** Data excerpt **
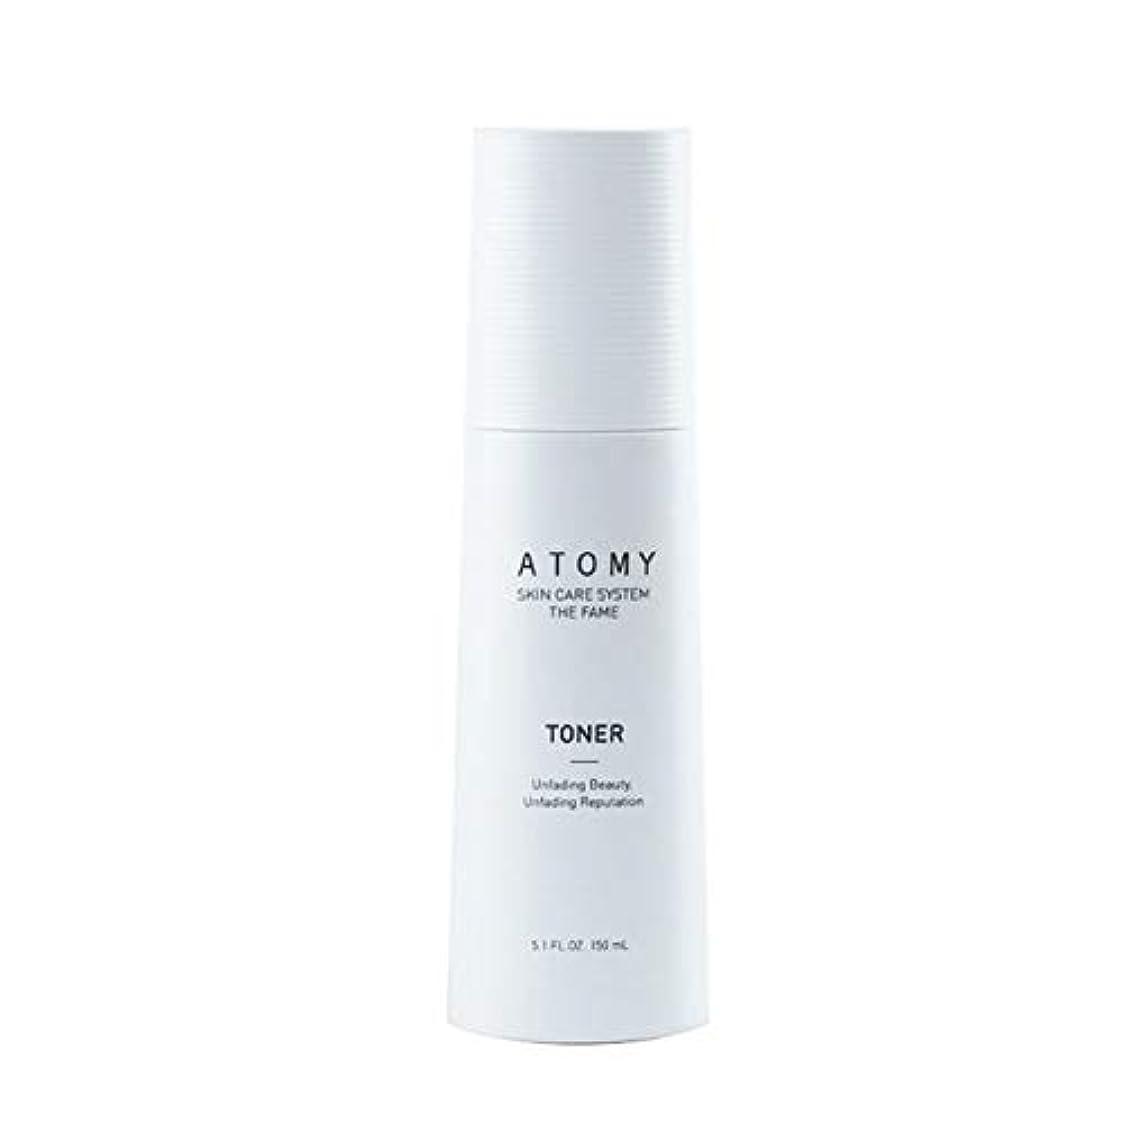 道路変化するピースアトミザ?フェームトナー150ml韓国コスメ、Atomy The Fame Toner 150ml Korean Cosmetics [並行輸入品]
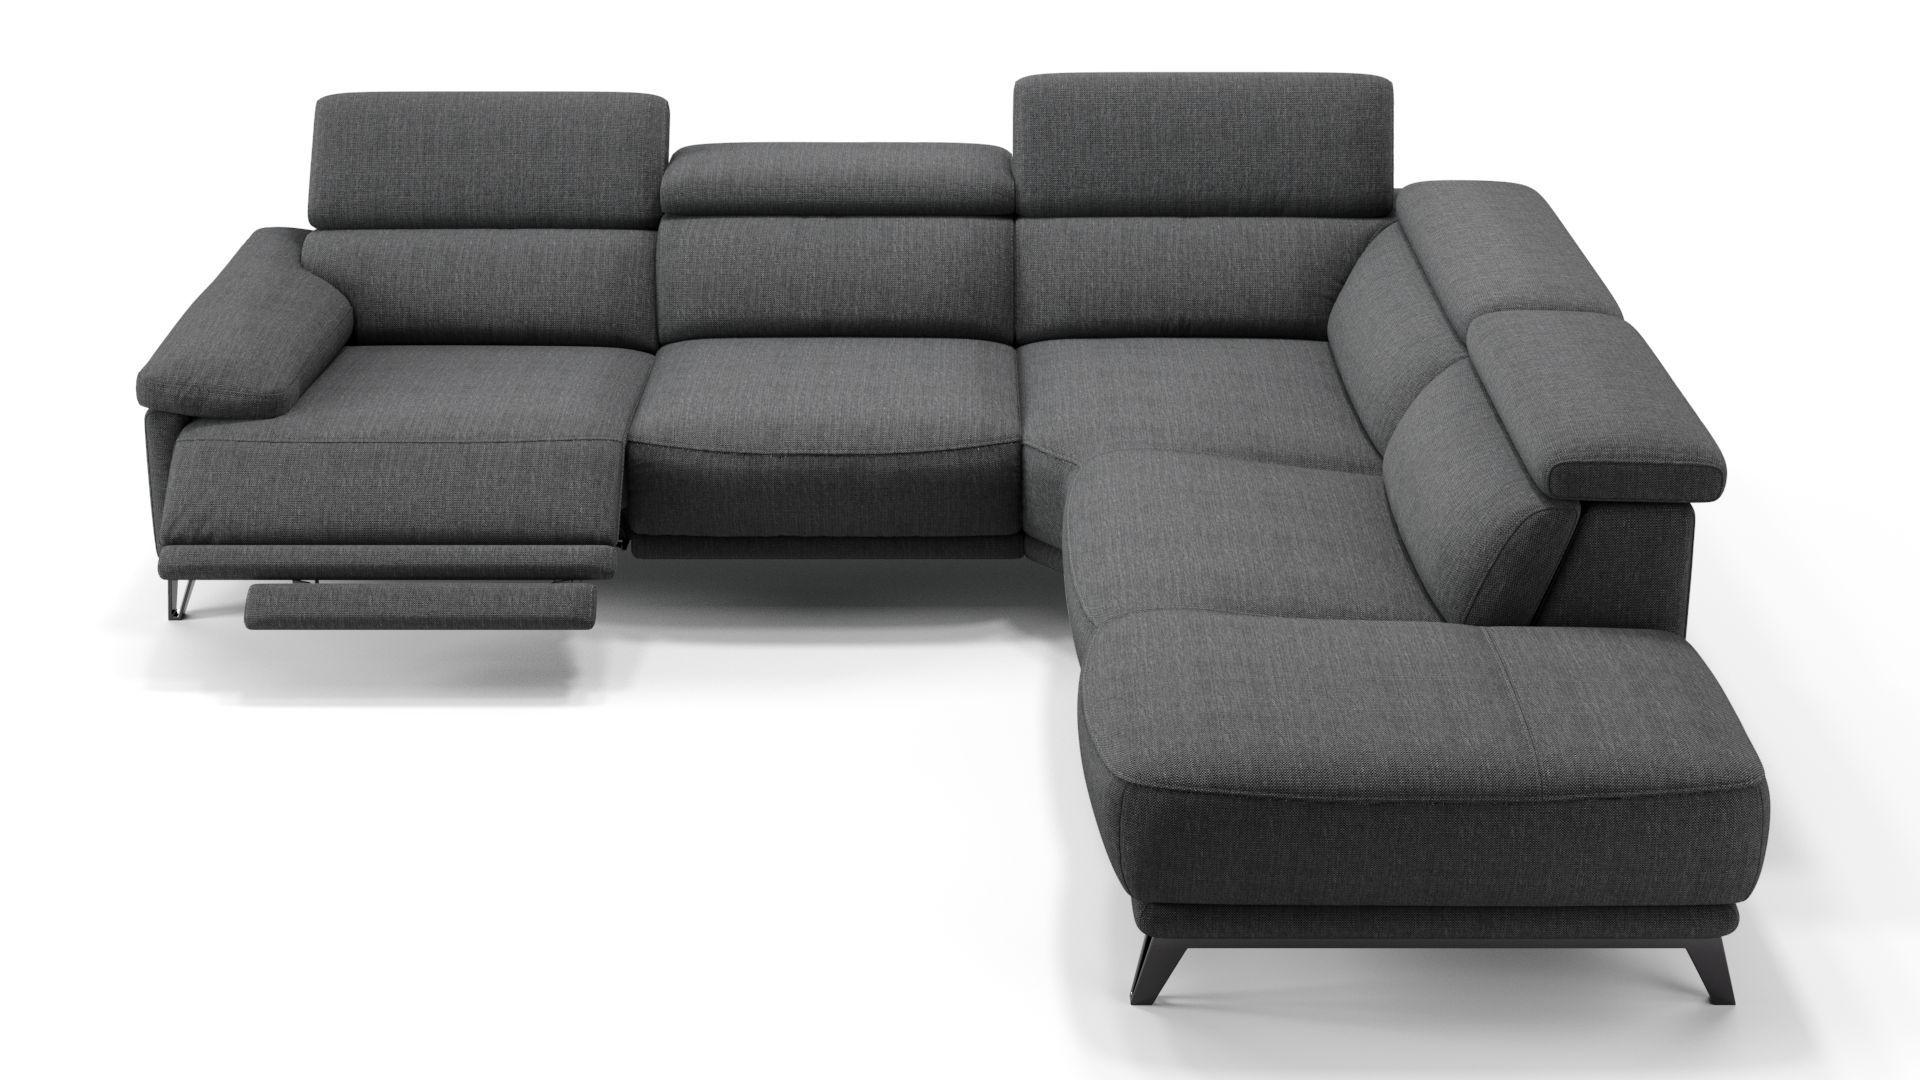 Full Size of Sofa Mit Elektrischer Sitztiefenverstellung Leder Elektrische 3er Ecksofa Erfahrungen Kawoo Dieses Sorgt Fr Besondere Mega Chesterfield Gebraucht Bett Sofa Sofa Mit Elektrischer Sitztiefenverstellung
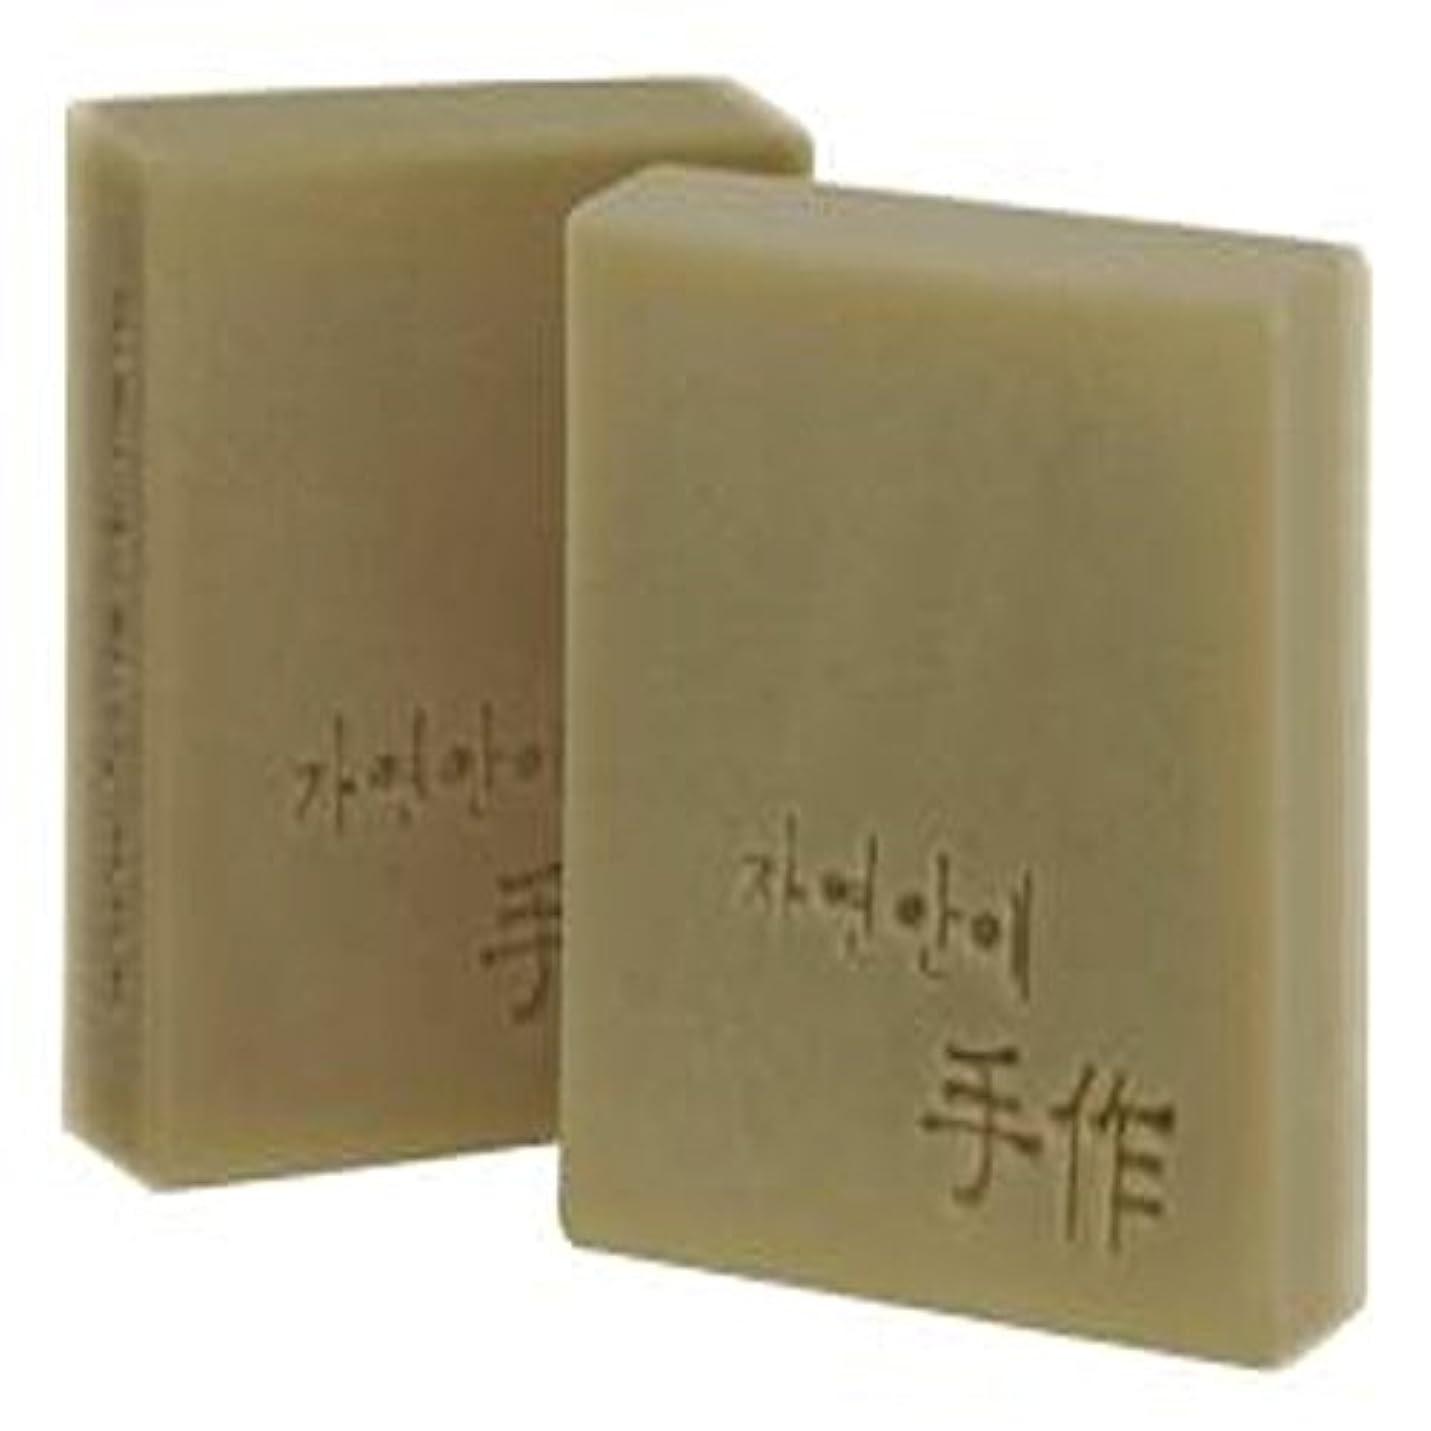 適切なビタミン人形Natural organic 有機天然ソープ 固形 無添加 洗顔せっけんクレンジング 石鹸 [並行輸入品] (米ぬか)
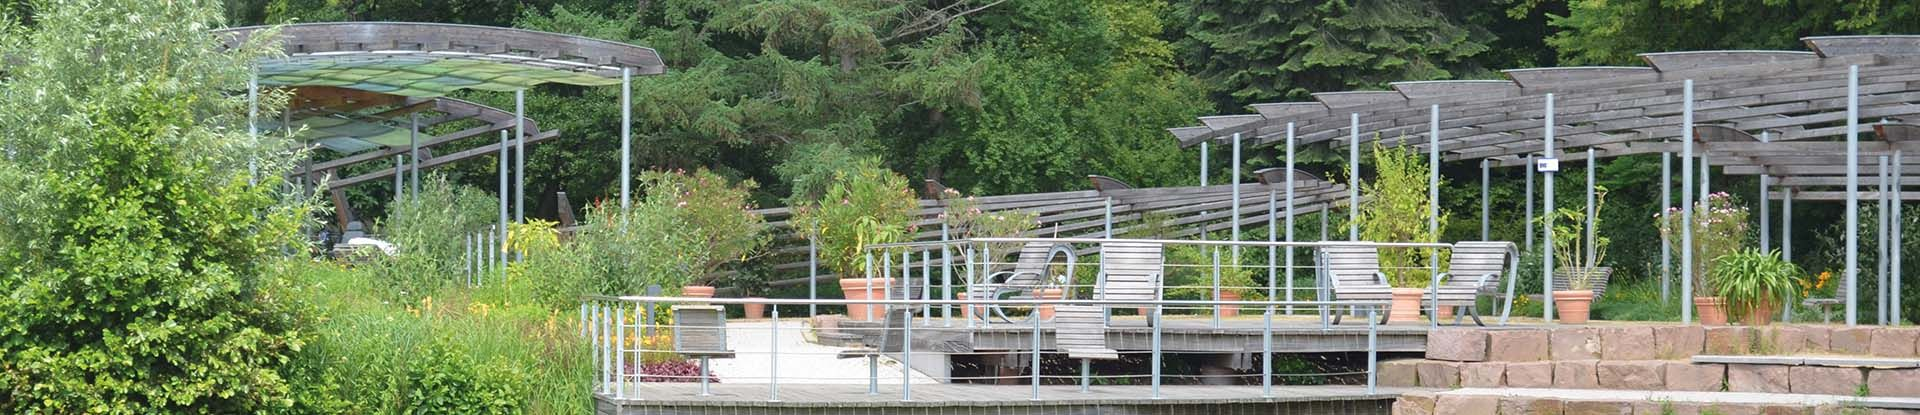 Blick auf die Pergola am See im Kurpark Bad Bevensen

** What you are asked to do **
Reproduce all of the data exactly; the pictures do not belong in the copy.

** Finished exercise **
 道路変化するピースアトミザ?フェームトナー150ml韓国コスメ、Atomy The Fame Toner 150ml Korean Cosmetics [並行輸入品]
 Full Size of Sofa Mit Elektrischer Sitztiefenverstellung Leder Elektrische 3er Ecksofa Erfahrungen Kawoo Dieses Sorgt Fr Besondere Mega Chesterfield Gebraucht Bett Sofa Sofa Mit Elektrischer Sitztiefenverstellung
 適切なビタミン人形Natural organic 有機天然ソープ 固形 無添加 洗顔せっけんクレンジング 石鹸 [並行輸入品] (米ぬか)
 Blick auf die Pergola am See im Kurpark Bad Bevensen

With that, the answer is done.